This modules contains the following functions:
FIRuncFilter()
: Uncertainty propagation for signal y and uncertain FIR filter thetaIIRuncFilter()
: Uncertainty propagation for the signal x and the uncertain IIR filter (b,a)IIR_get_initial_state()
: Get a valid internal state forIIRuncFilter()
that assumes a stationary signal before the first value.
Note
The Elster-Link paper for FIR filters assumes that the autocovariance is known and that noise is stationary!
- PyDynamic.uncertainty.propagate_filter.FIRuncFilter(y, sigma_noise, theta, Utheta=None, shift=0, blow=None, kind='corr', return_full_covariance=False)[source]
Uncertainty propagation for signal y and uncertain FIR filter theta
A preceding FIR low-pass filter with coefficients blow can be provided optionally.
This method keeps the signature of PyDynamic.uncertainty.FIRuncFilter, but internally works differently and can return a full covariance matrix. Also, sigma_noise can be a full covariance matrix.
- Parameters:
y (np.ndarray) – filter input signal
sigma_noise (float or np.ndarray) –
float: standard deviation of white noise in y
1D-array: interpretation depends on kind
2D-array: full covariance of input
theta (np.ndarray) – FIR filter coefficients
Utheta (np.ndarray, optional) –
1D-array: coefficient-wise standard uncertainties of filter
2D-array: covariance matrix associated with theta
if the filter is fully certain, use Utheta = None (default) to make use of more efficient calculations. see also the comparison given in <examplesDigital filteringFIRuncFilter_runtime_comparison.py>
shift (int, optional) – time delay of filter output signal (in samples) (defaults to 0)

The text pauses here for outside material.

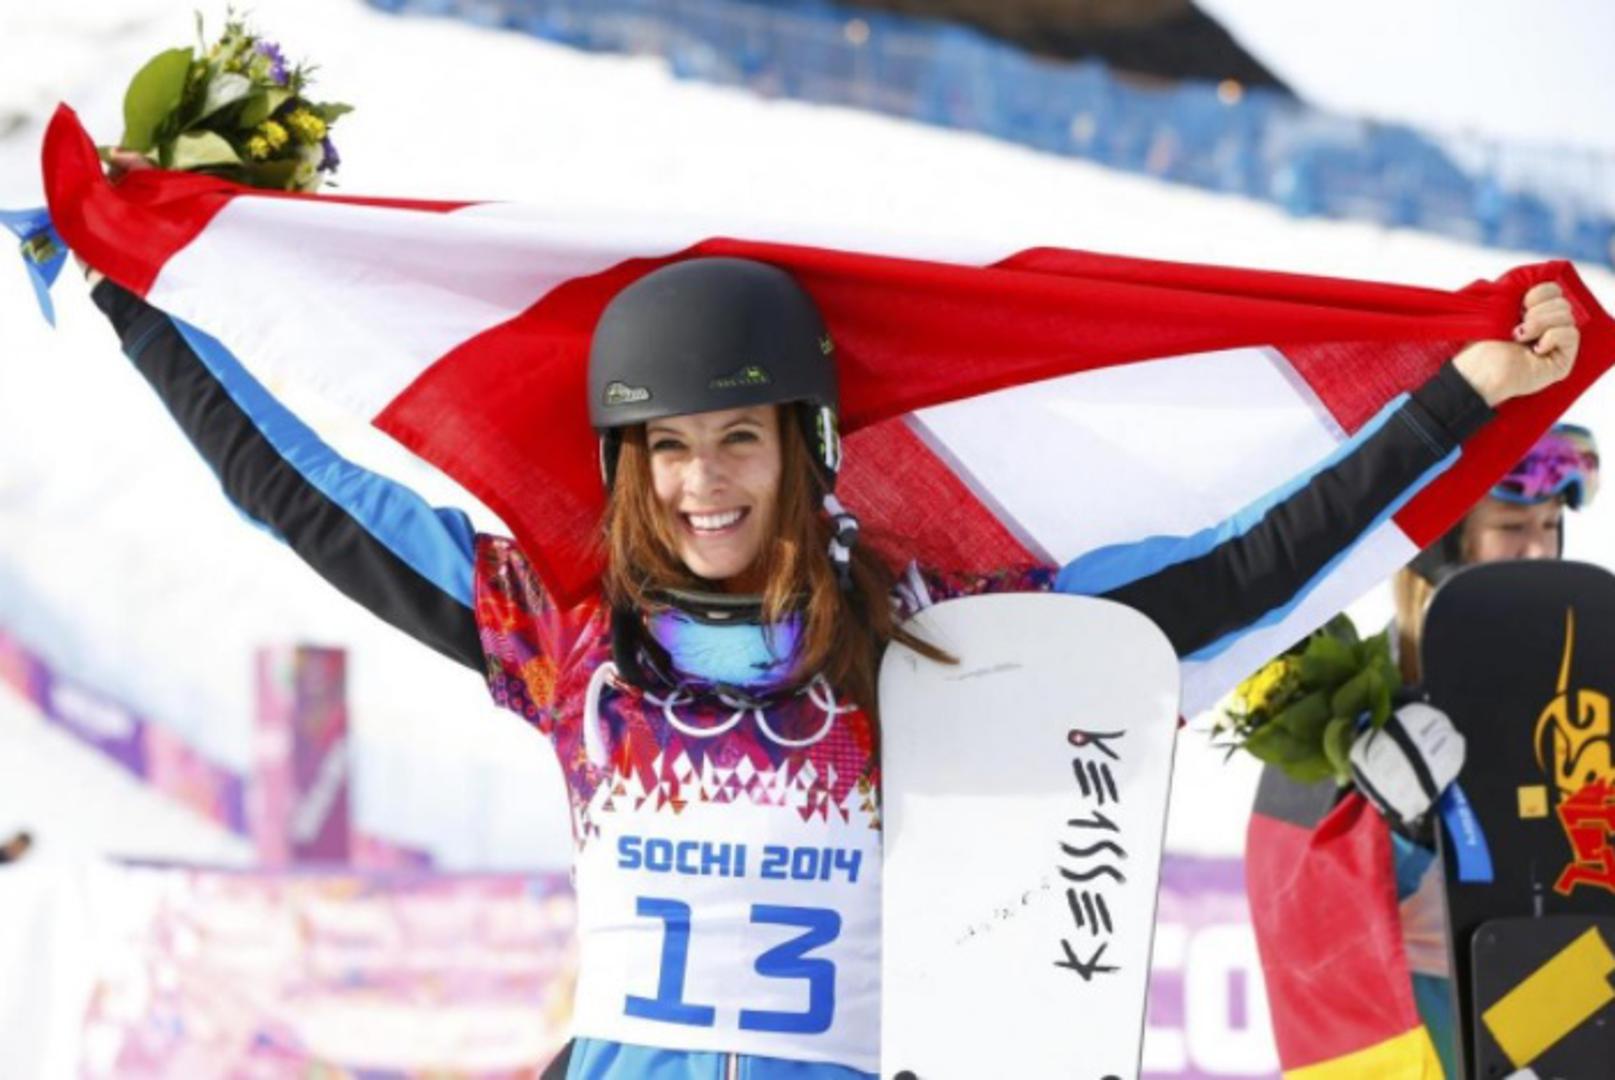 Austrijanka Julia Dujmovits (31) očekuje mnogo na Igrama u Pjongčangu. Prije četiri godine u Sočiju osvojila je zlato u paralelnom slalomu.

blow (np.ndarray, optional) – optional FIR low-pass filter
kind (string, optional) –
only meaningful in combination with sigma_noise a 1D numpy array
”diag”: point-wise standard uncertainties of non-stationary white noise
”corr”: single sided autocovariance of stationary colored noise (default)
return_full_covariance (bool, optional) – whether or not to return a full covariance of the output, defaults to False
- Returns:
x (np.ndarray) – FIR filter output signal
Ux (np.ndarray) –
return_full_covariance == False : point-wise standard uncertainties associated with x (default)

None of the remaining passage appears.